Iron accumulation in wild-type cells that express soybean ferritin. Wild-type BY4741 yeast cells were transformed with plasmids that express soybean seed ferritin as detailed in the legend of Fig. 2. Yeast cells were then inoculated at an A600 of 0.2 in SC−Ura−His medium (SC) alone or with increasing Fe(NH4)2(SO4)2 (FAS) concentrations. Numbers of cells per milliliter (A) and endogenous iron contents displayed as weight of iron per yeast dry weight (DW) (B) were determined after 24 h of incubation at 30°C. Data and error bars represent the averages and standard deviations of data from at least three independent biological samples. Asterisks indicate statistically significant differences compared to wild-type cells that lacked soybean ferritin (P < 0.006).

RESULTS

Cloning and expression of soybean seed ferritin in Saccharomyces cerevisiae.

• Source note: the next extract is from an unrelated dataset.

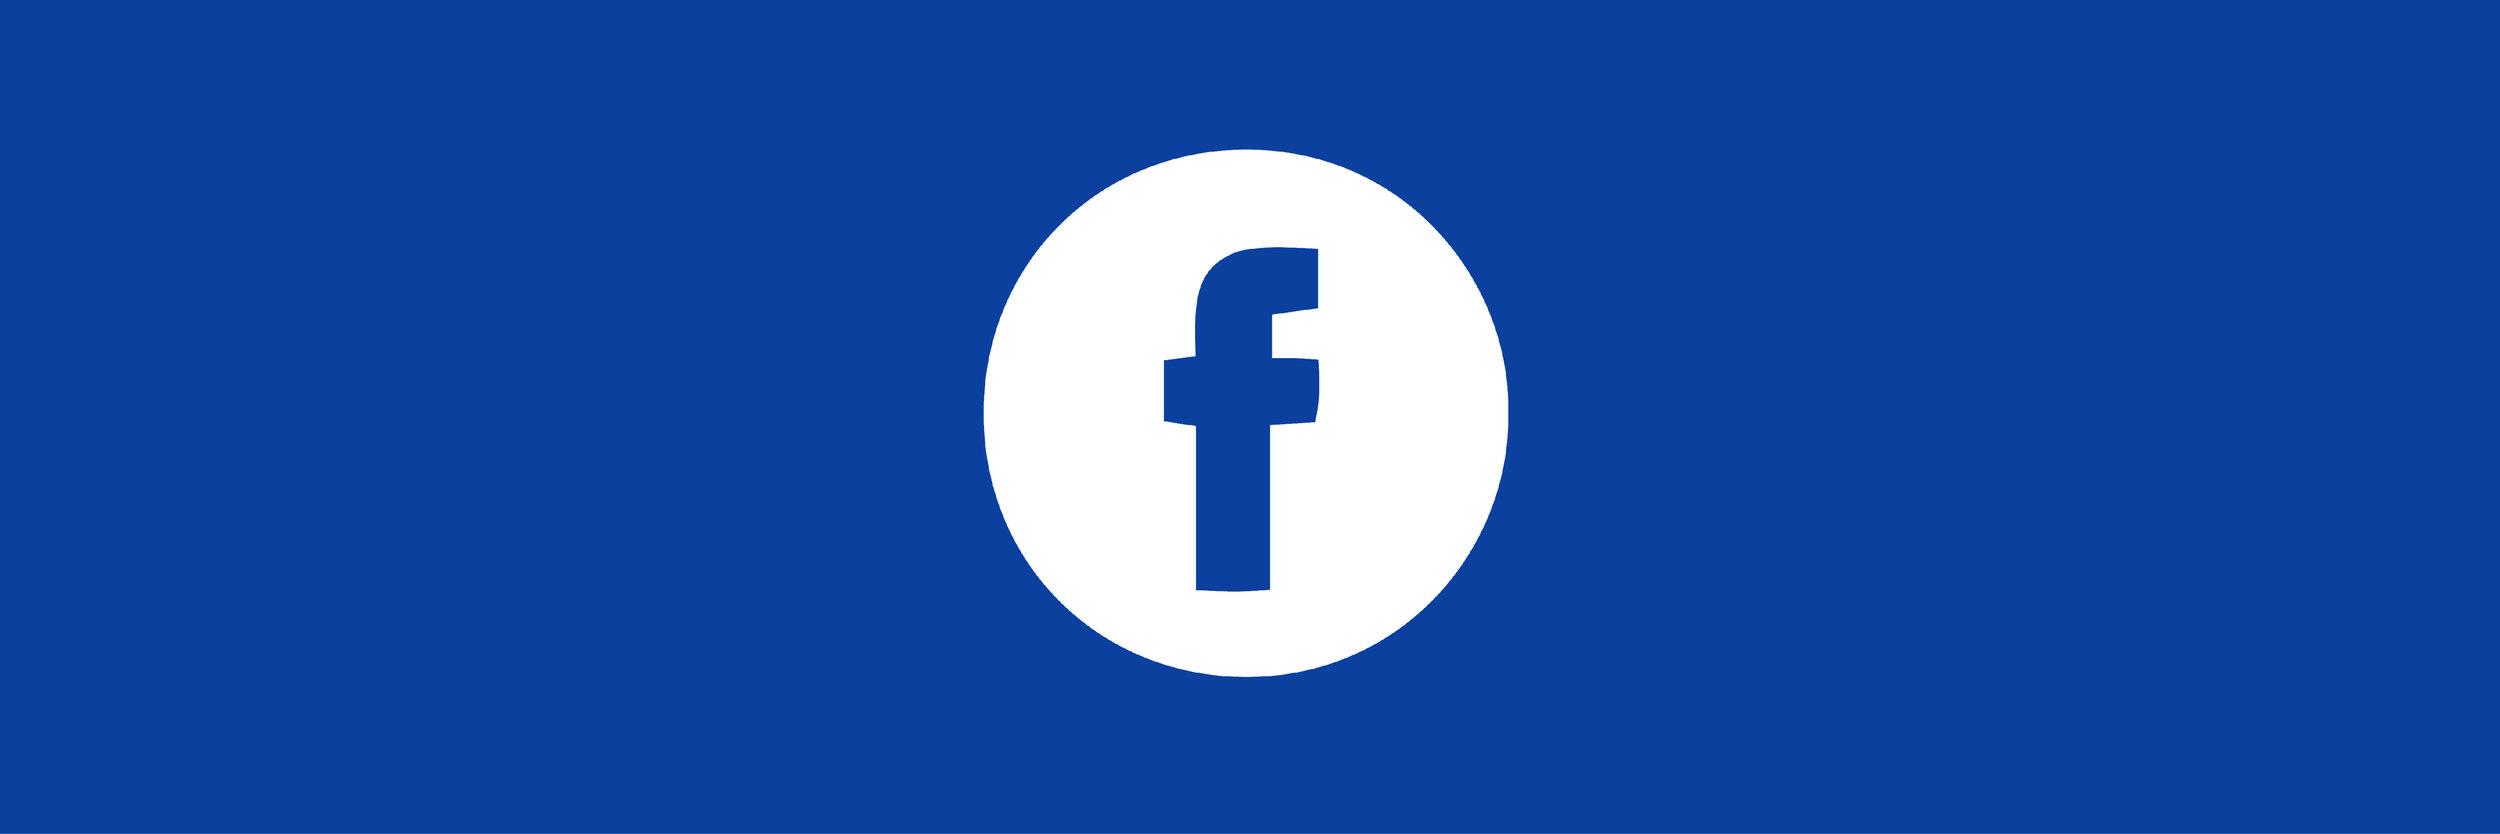 Facebook Link -01.jpg

Unlike mammalian ferritins, which reside in the cytoplasm, phytoferritins localize to plastids. Therefore, in order to express SFerH1 and SFerH2 in baker's yeast, both ferritin-coding sequences lacking their transit peptide were cloned into vectors that drove expression under the control of the yeast gene promoter ADH1, TEF2, or TDH3 (Fig. 1A) (see Materials and Methods for more details). Wild-type cells that expressed soybean ferritins were grown in synthetic medium (SC−Ura medium for SFerH1 or SC−His medium for SFerH2) to the exponential phase, and proteins were extracted. To determine ferritin levels, Western blot analysis was performed with an anti-SFerH1 antibody, which cross-reacted with SFerH2. As expected, maximal expression in both cases was achieved for the p413GPD and p416GPD plasmids that drove gene expression with TDH3 (the strongest expression promoter), and minimum ferritin levels were obtained with ADH1 (the weakest promoter) (Fig. 1B). Similar expression results were observed when yeast cells were incubated in the presence of iron in the growth medium or for longer time periods (data not shown). Surprisingly, the expression of the multicopy 2μ plasmids did not lead to higher ferritin levels (data not shown). Thereafter, SFerH1 and SFerH2 genes were expressed in the centromeric plasmids under the control of the constitutive TDH3 promoter.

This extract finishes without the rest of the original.